Friday, December 13, 2013

Let the bank robbers stay!



We’ve been bombarded with stories about the poor illegal immigrant families who will be split up without immigration reform. We’ve been told that these people just want a shot at the American dream, that they are good for our economy, that they are hard workers, and that we’re heartless and insensitive if we expect them to follow the laws of our land.

I feel very safe in saying that you won’t see those fighting for immigration reform holding up (no pun intended) Luis de la Garza as an example, even though they’ve done so many times before. In fact, Luis, himself, has been on the frontlines demanding fairness for those who don’t play fair themselves. Unfortunately, we also caught Luis at the front of several bank teller lines making unauthorized withdrawals (armed robbery).

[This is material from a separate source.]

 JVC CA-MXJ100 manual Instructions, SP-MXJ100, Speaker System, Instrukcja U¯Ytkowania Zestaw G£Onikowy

Luis is the infamous Mesh Mask Bandit, so-named because of the strange mask he wore. Luis is an immigrant rights activist, and he’s admitted to robbing 18 banks. Who knows how many others he’s knocked over.  Luis’s friends say he came here with nothing and made something of himself. “He seems to be a good businessman,” says Hector Flores. I guess most anybody can be successful if they can just run down to the bank and withdraw as much money as they want from other people’s accounts.

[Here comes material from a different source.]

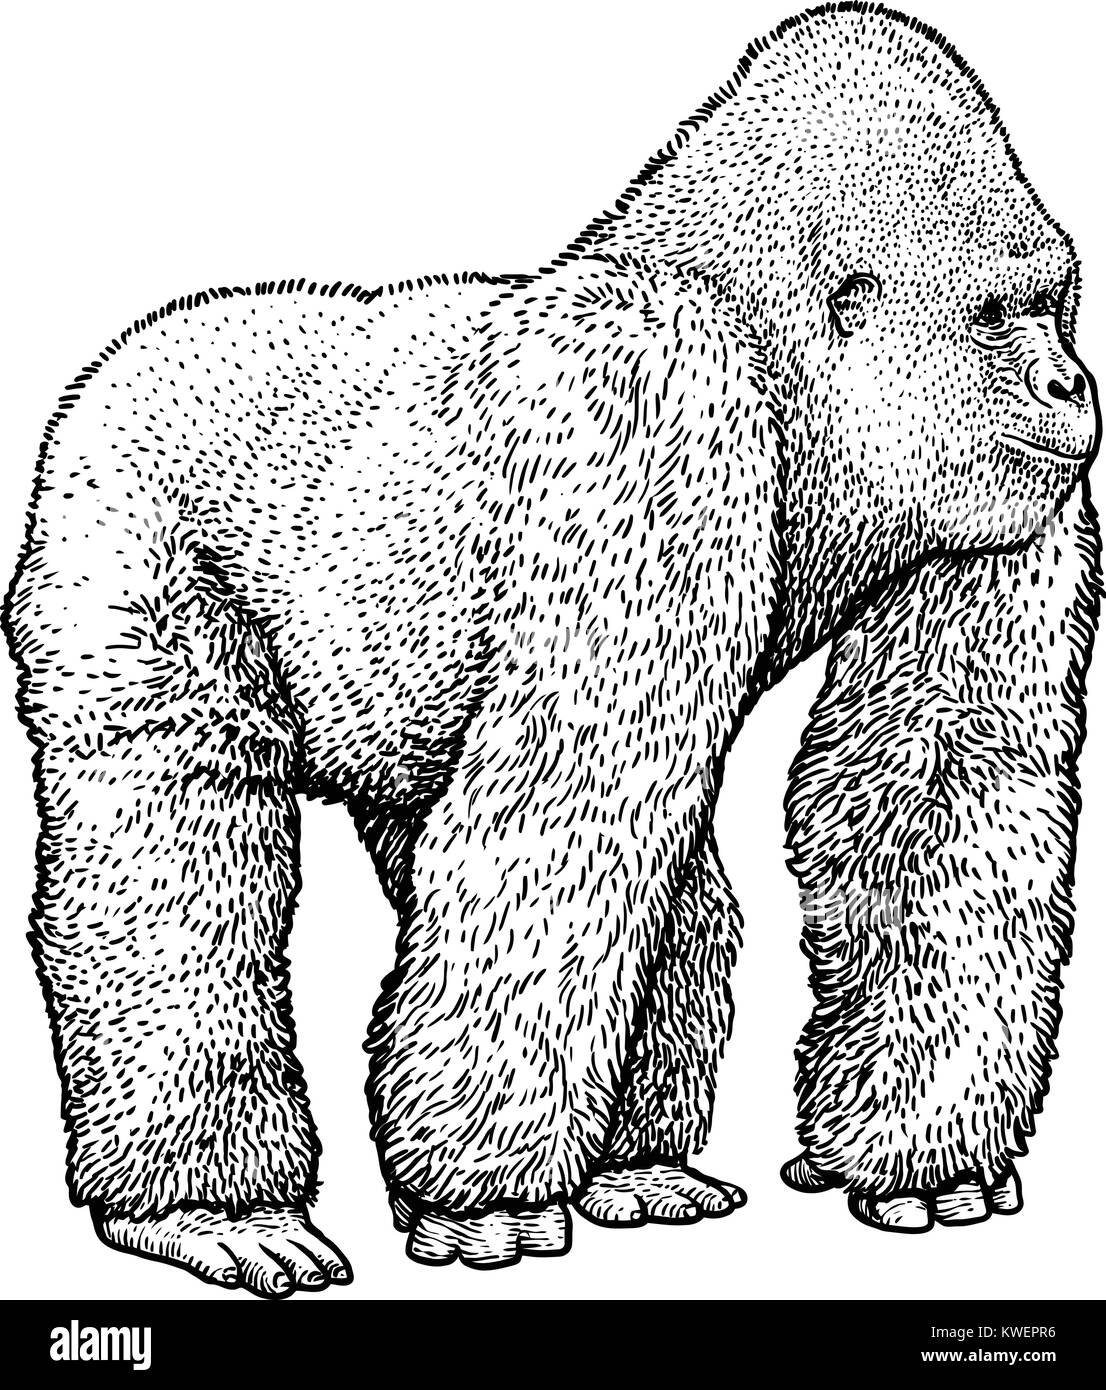 Gorilla illustration, dessin, gravure, encre, dessin au trait, vector Illustration de Vecteur

Public records on Luis tell a little different story about his success. He has had several federal tax liens and judgments against him. He pleaded guilty in 2005 to failing to file a corporate tax return. He was given probation on that conviction. In 2009, a $25,844 federal tax lien was filed against him. In 2007, a bank foreclosed on a house he owned. Then he lost his Farmers Branch home (valued at more than $331,400). Kind of makes you wonder what he did with all that money he stole.

“Mesh Mask Bandit enters guilty plea.” The Dallas Morning News; November 20, 2013; p. 1B.